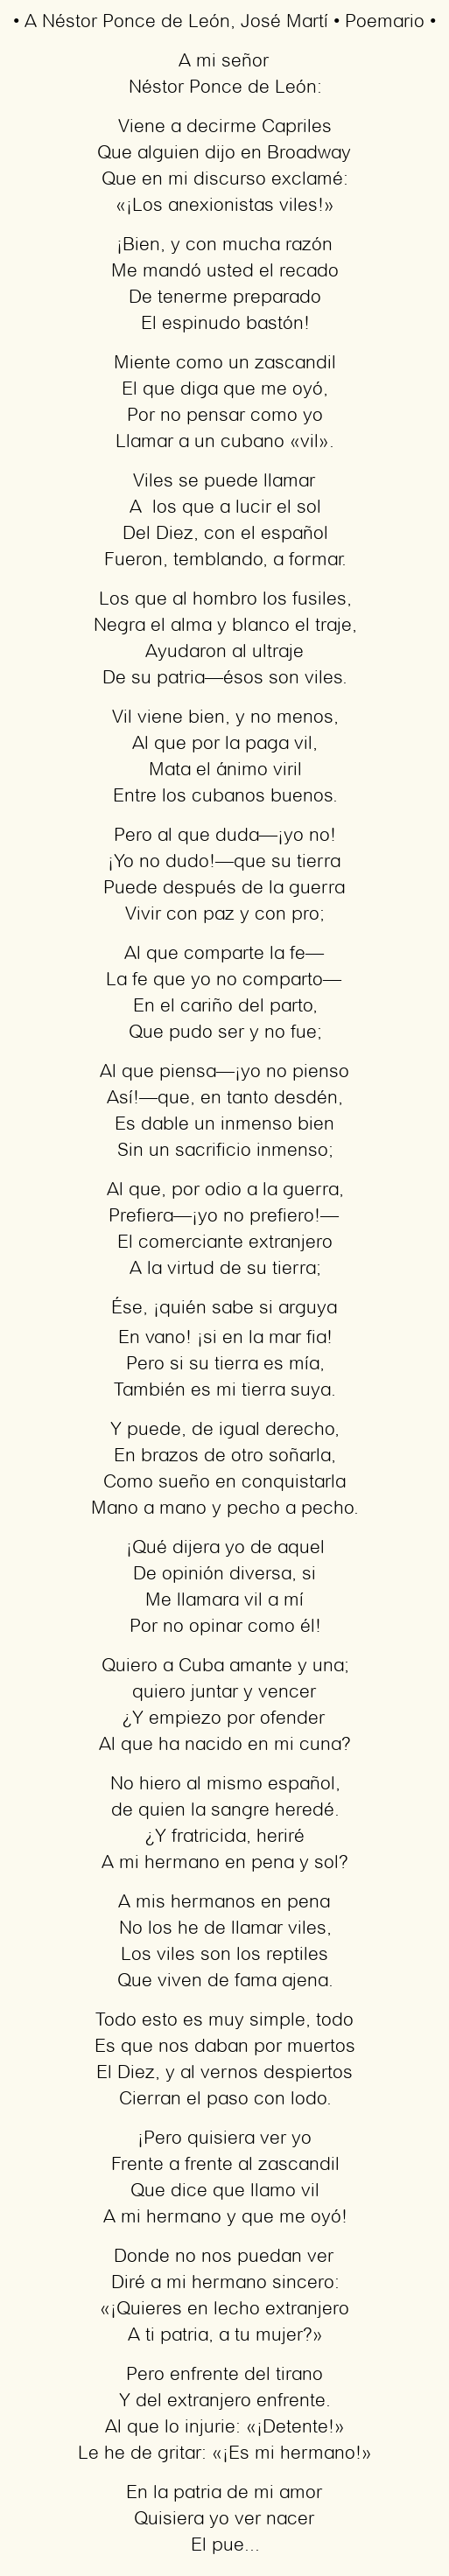 Imagen con el poema A Néstor Ponce de León, por José Martí
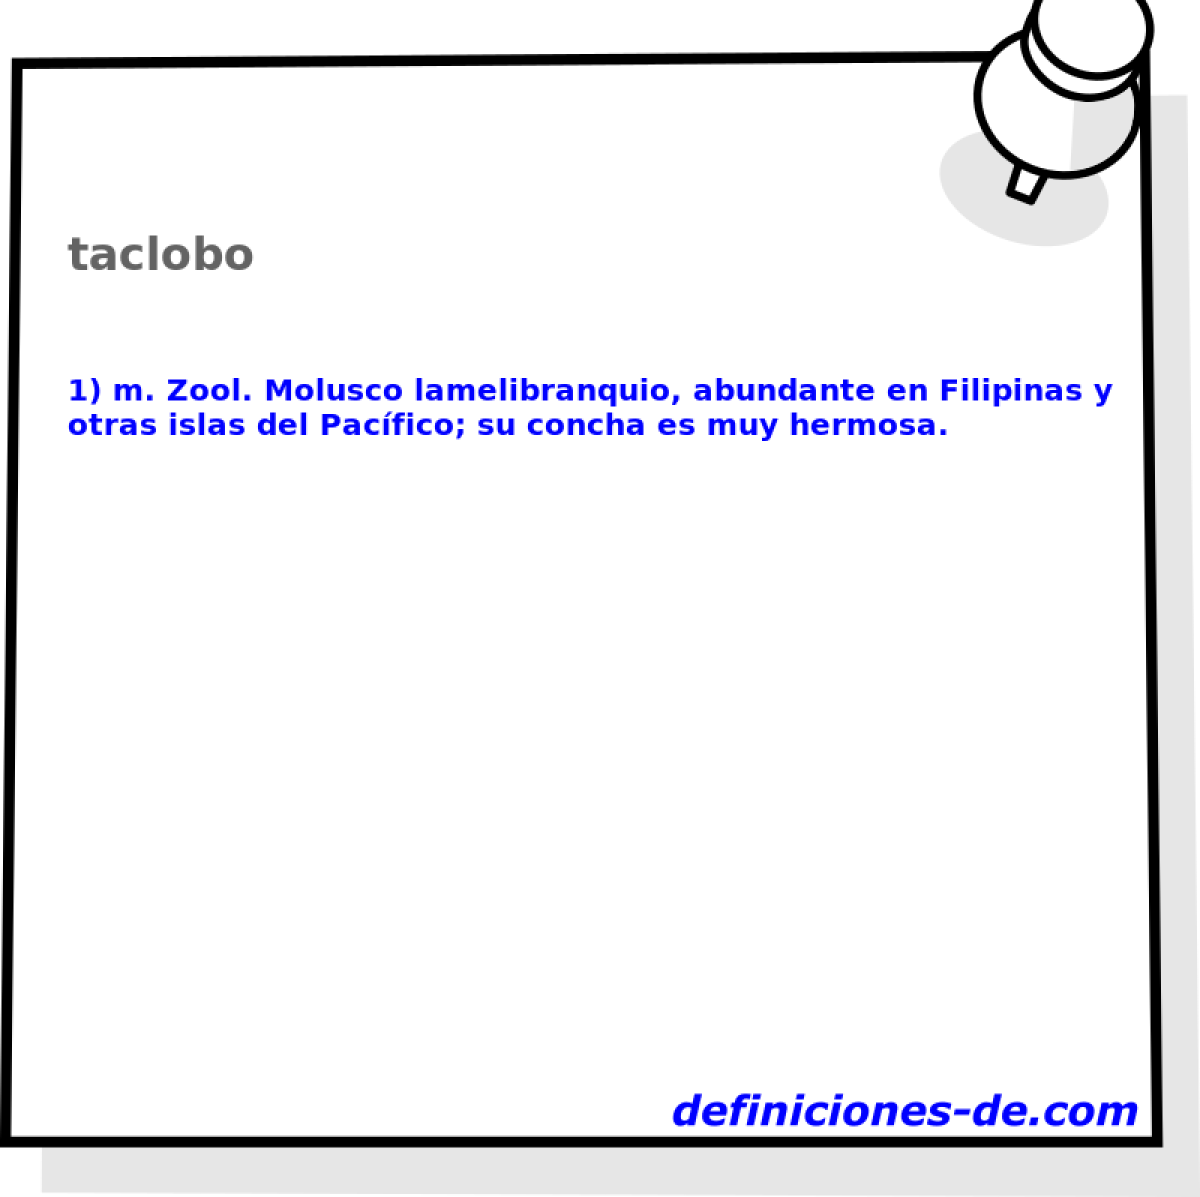 taclobo 
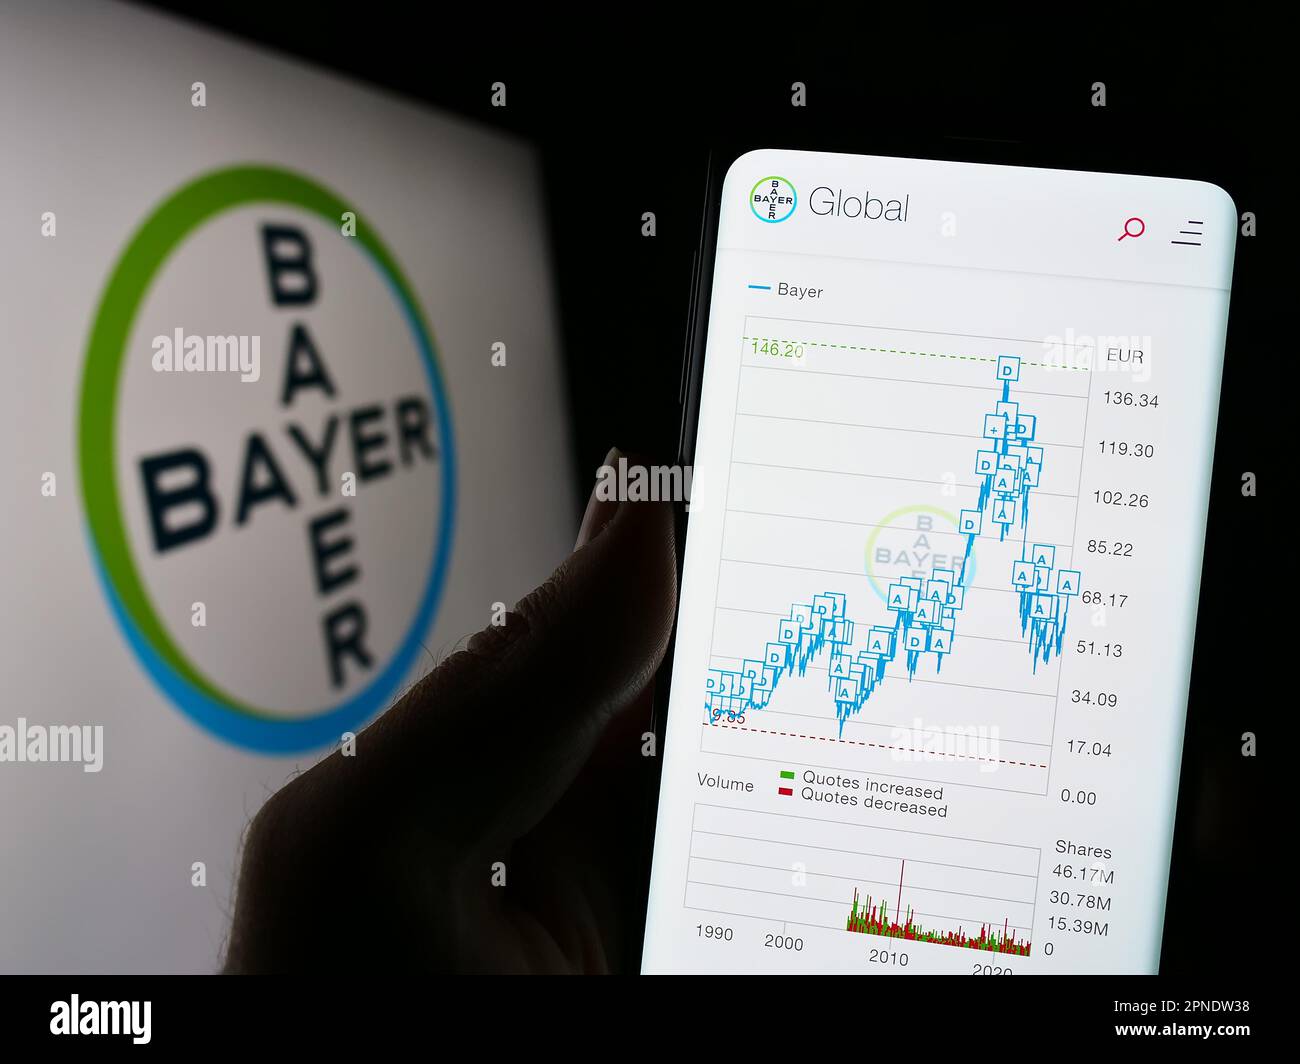 Personne tenant un téléphone portable avec le site Internet de la société pharmaceutique allemande Bayer AG à l'écran devant le logo. Concentrez-vous sur le centre de l'écran du téléphone. Banque D'Images
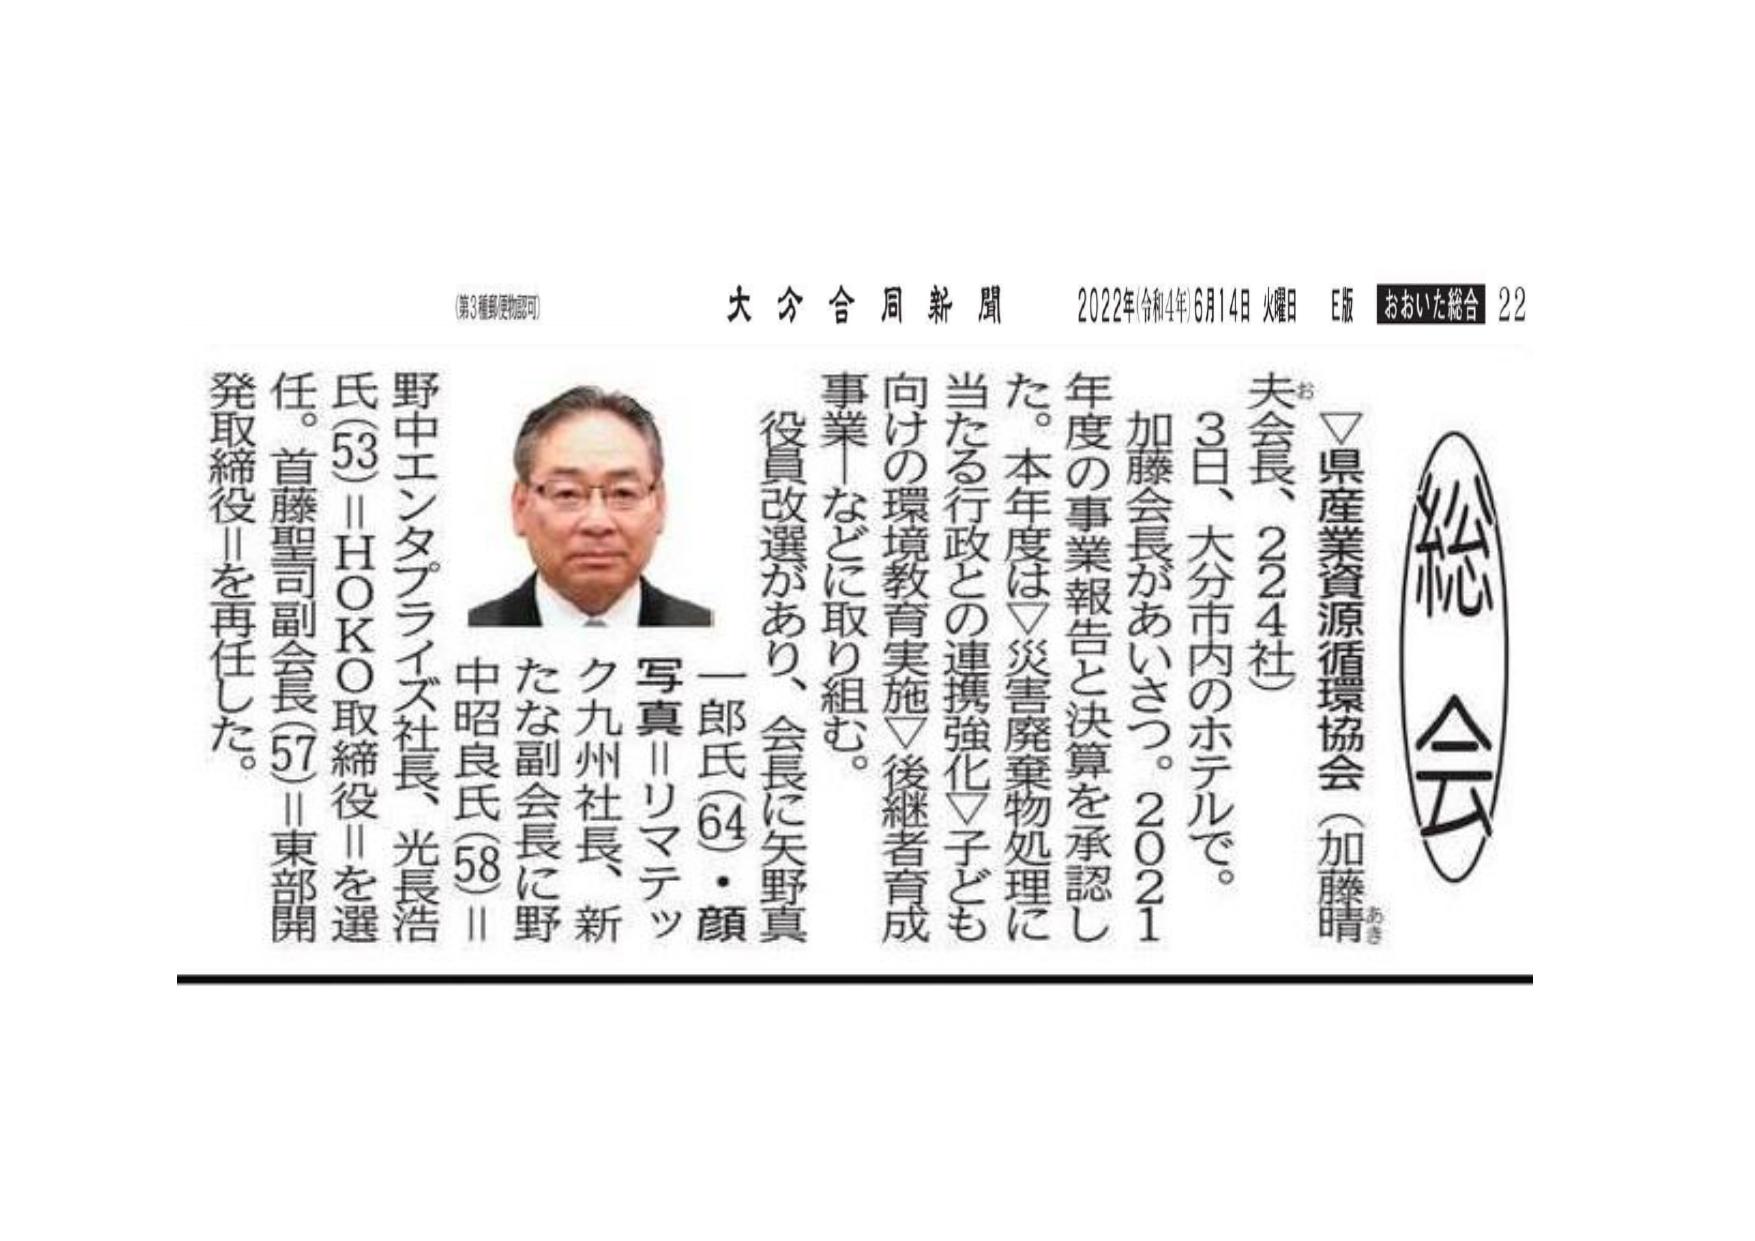 弊社代表取締役 矢野 真一郎が「大分県産業資源循環協会」の会長に就任致しましたの写真2

- - - - -

- _Instructions to follow_:
Return the listing exactly as it appears, excluding any image.

- _Response to this exercise_:
 Imagen con el poema A Néstor Ponce de León, por José Martí
 taclobo 
 Personne tenant un téléphone portable avec le site Internet de la société pharmaceutique allemande Bayer AG à l'écran devant le logo. Concentrez-vous sur le centre de l'écran du téléphone. Banque D'Images
 弊社代表取締役 矢野 真一郎が「大分県産業資源循環協会」の会長に就任致しましたの写真2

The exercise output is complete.